It was my dad's birthday this weekend, so the family piled into two cars, and took a trip down to one of his favorite restaurants. In Fall River. We decided to stop in Newport, Rhode Island first, as it was on the way, and do some walking around.
We covered the retail/ restaurant district, down by the wharves and docks.
Hmm. The paparazzi seemed to be everywhere.
We continued on to Narragansett St. which leads directly to the eastern side of the island, where they have a nice Cliff Walk, that runs for a couple miles along that coast.
These steps lead down to a cool area of exposed rock you can walk around on, when the tide is out.
As you walk along the Cliff Walk, you pass near the back of some of the more famous mansions. Some are kind of fenced off, but people can leave and enter the tourist properties fairly easily.
Birthday Boy and grandson:
We didn't have that much time, so we forewent checking out the mansions; they're big tourist destinations, especially this time of year. We also had to skip walking through the historic district; neat little neighborhoods of narrow cobblestone streets and very old, brightly painted, fishing village buildings. Next time...
It was now late afternoon, and we left for Fall River, about twenty five minutes or so away.
An interesting feature of this old mill city are the factories and warehouses made of granite. This gives them a nice tan color, unlike the red brick factories of contemporary industrial era cities, like Holyoke and Lowell.
Fall river thrived in the late nineteenth century, into the 1920's; mostly through it's cotton mills. It was a huge immigration destination. It used to have a beautiful river called the Quequechan, that was sadly, literally, covered over by the factories. It's now underground current became relegated to sewer duty. The underground river and it's water falls were briefly uncovered when some of the abandoned factories burned down in the twentieth century, only to see it's waterfalls blasted down, and the river covered over again, by Interstate 195. How sad, and (in retrospect) short sighted.

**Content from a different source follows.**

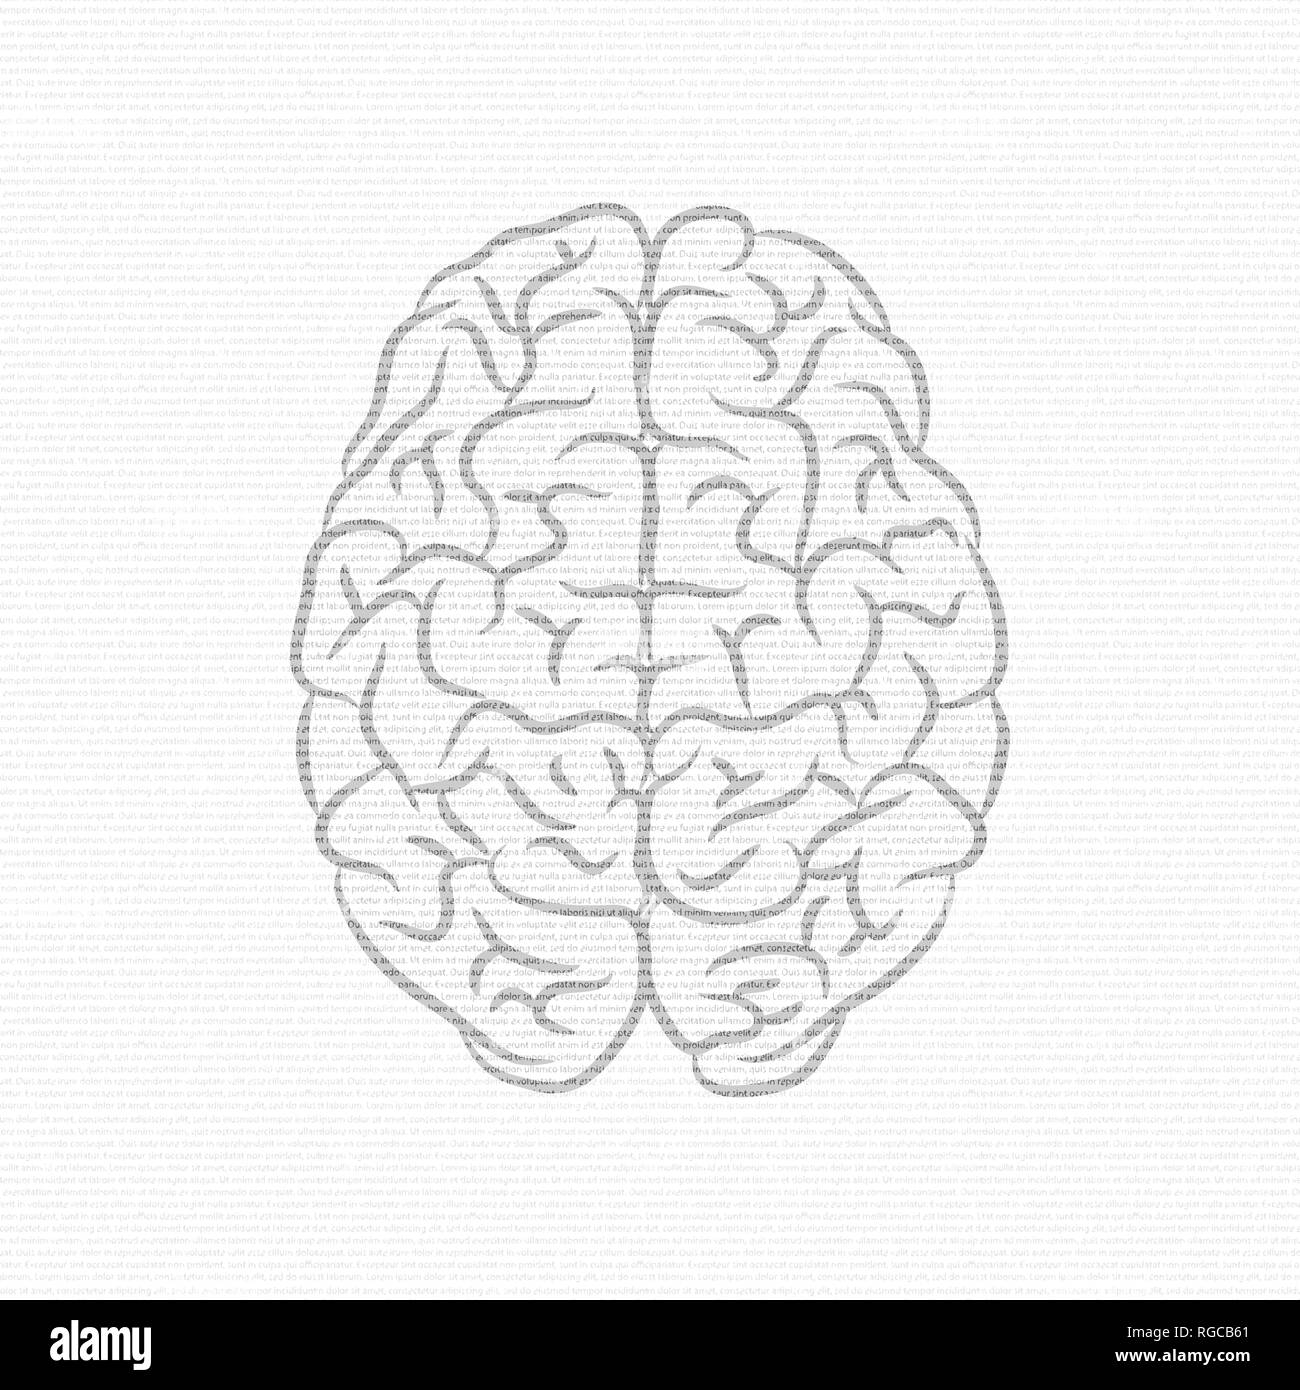 Weißer Hintergrund mit Mustertext und Dunkelgrau menschliche Gehirn Silhouette Stock Vektor

My father did a stint as a truck driver for a Portuguese foods wholesaler a long time ago. As a result, he knows every great Portuguese restaurant from Boston to Philadelphia. The Beira Alta, is on his short list.

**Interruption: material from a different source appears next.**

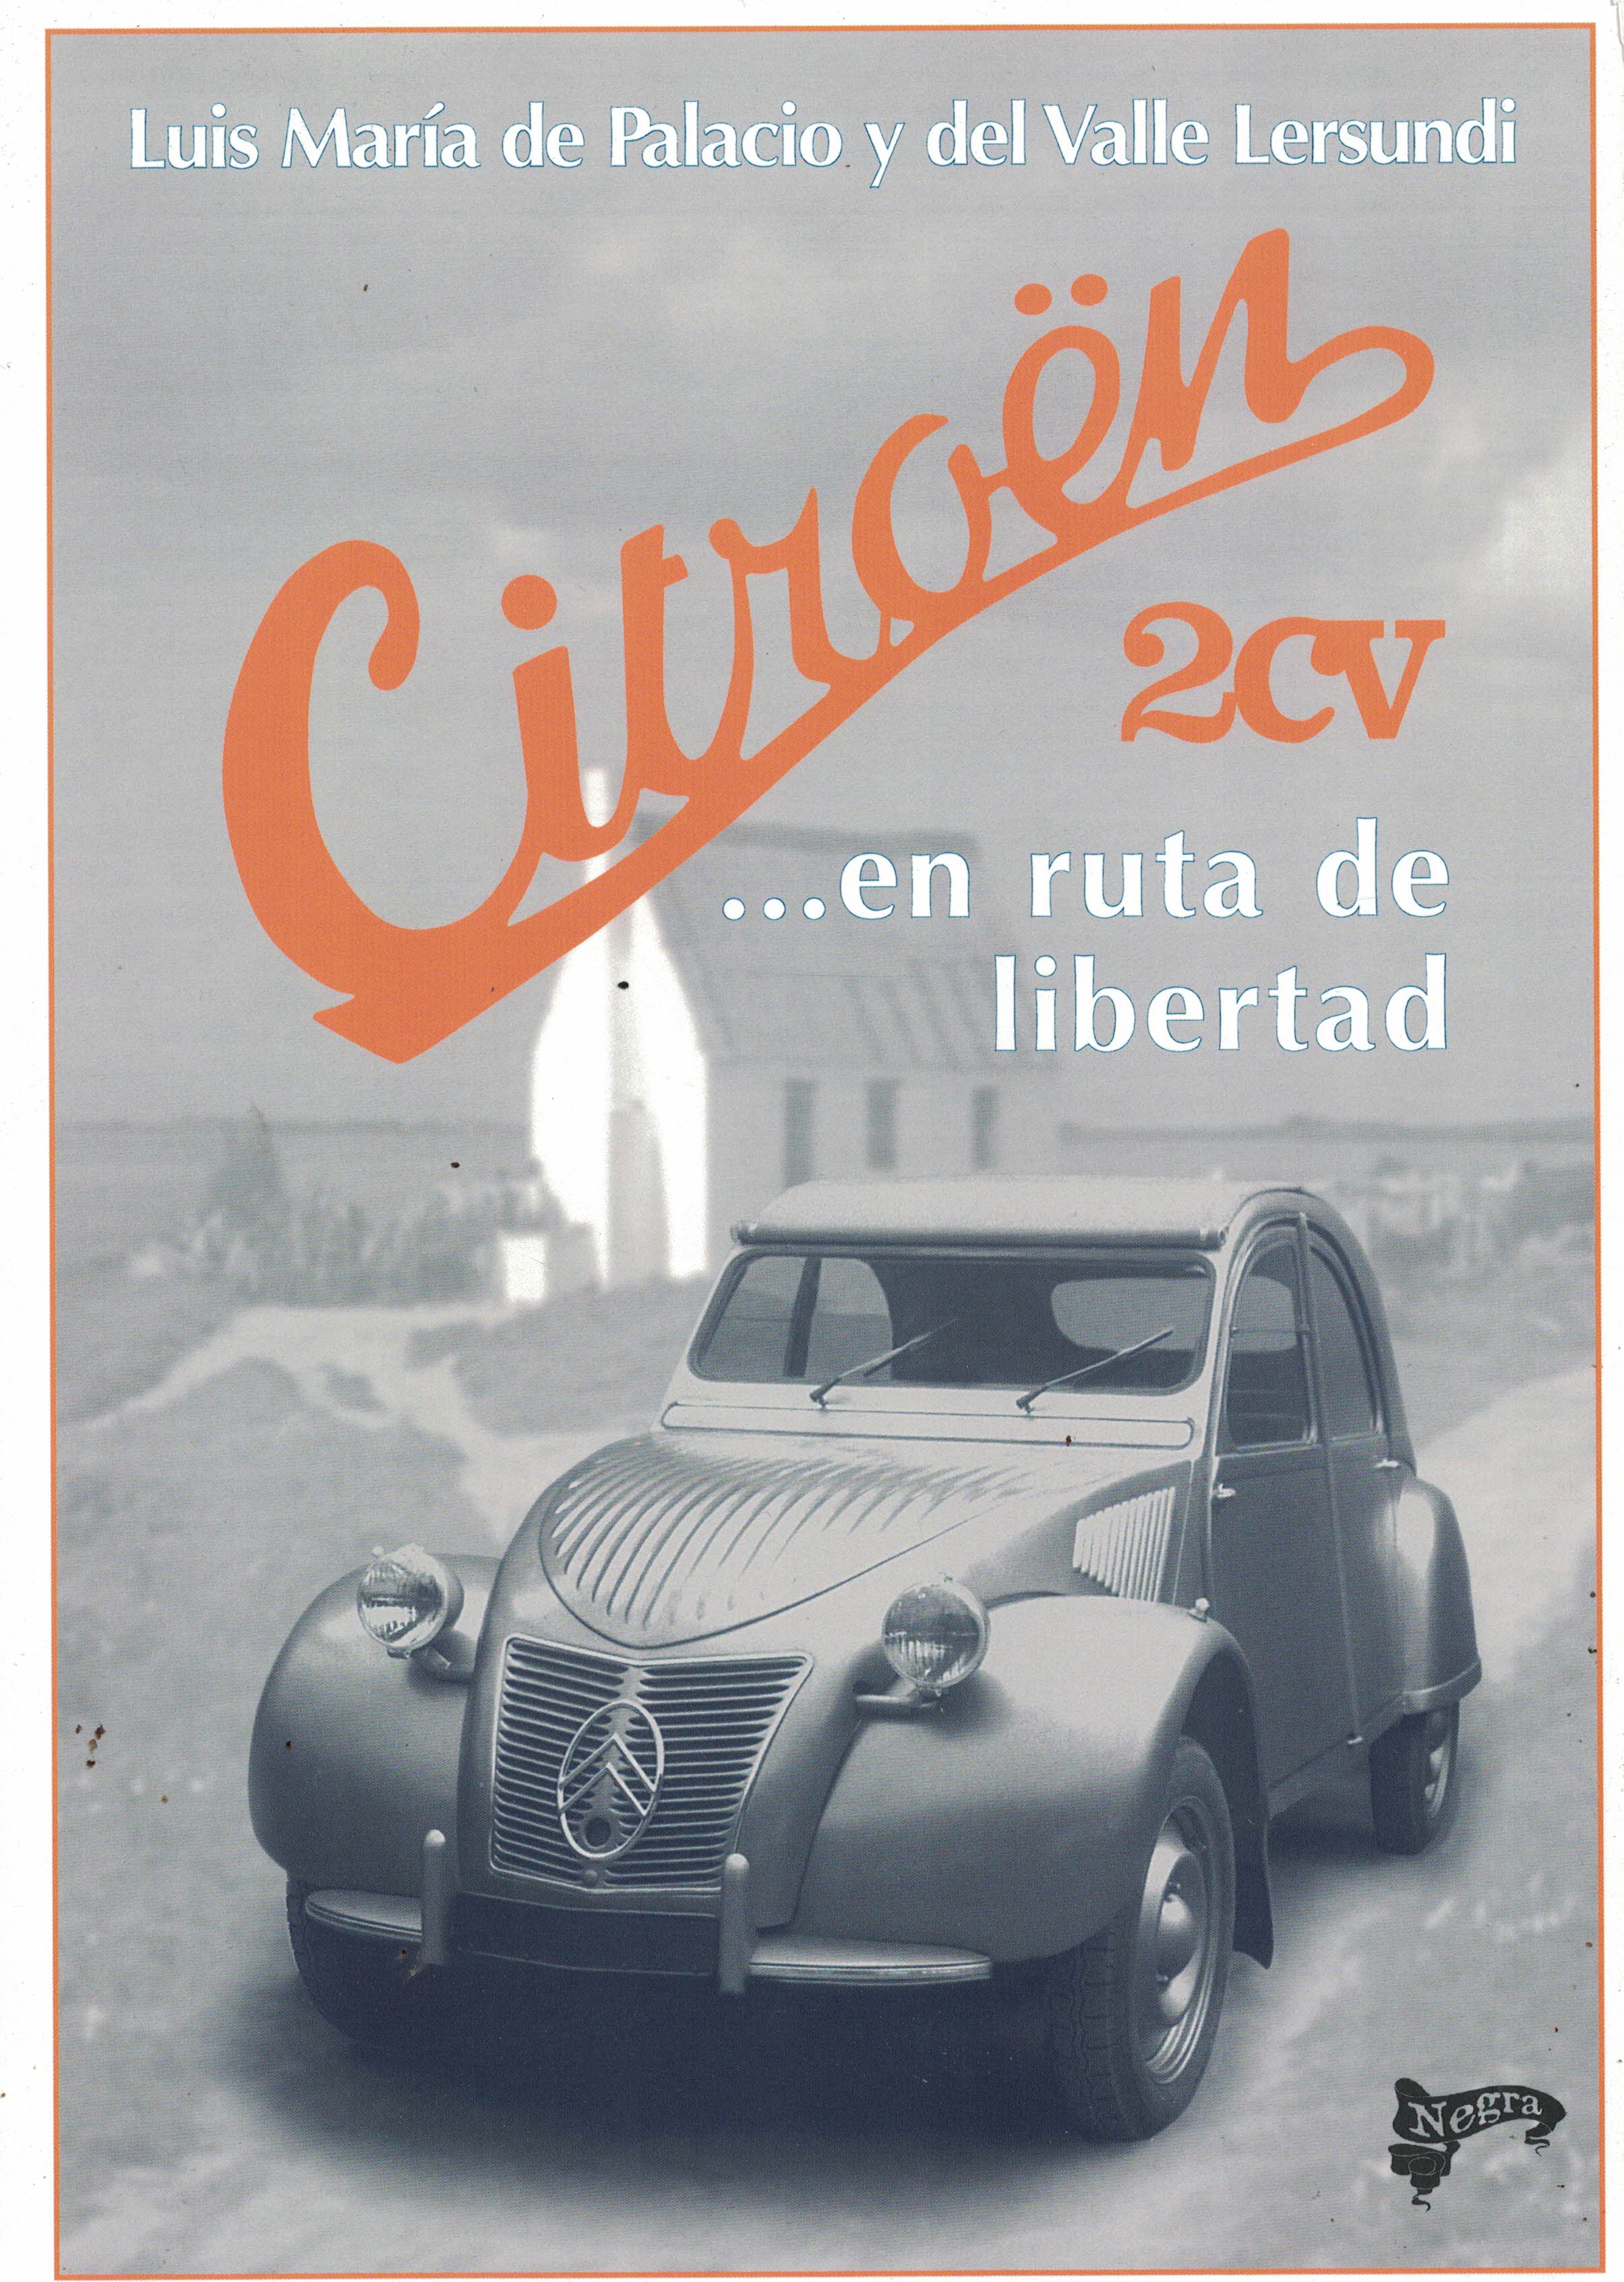 Citroën 2CV... En ruta de libertad

When we entered, we (everyone but my dad and mom) were surprised to find the tables all had numbers on them, big maroon napkins on long white linen tables, a huge centerpiece of flowers in the middle, and a DJ playing, loudly, on the stage by a dance floor. The place seemed to have kind of a wedding reception atmosphere. Right down to kids running around in between the tables and playing on the dance floor. I thought it was odd at first, but my dad brushed off any inquiries as to the restaurant's wedding theme. Once we got our food I realized why. Man. This was Portuguese food. I got the spicy Shrimp Mozambique, possibly some of the best I ever had, and a steak/fried egg/potato wedges platter. It was true Portuguese fare. Chris ordered up some flaming Chourico sausages, another favorite.
After dinner we had espressos and brandy, while my dad discussed soccer with The Flash.
My niece and nephew, dizzy with the energy from the big meal, worked off some calories on the dance floor:
I'm sure they slept like babes on the way home.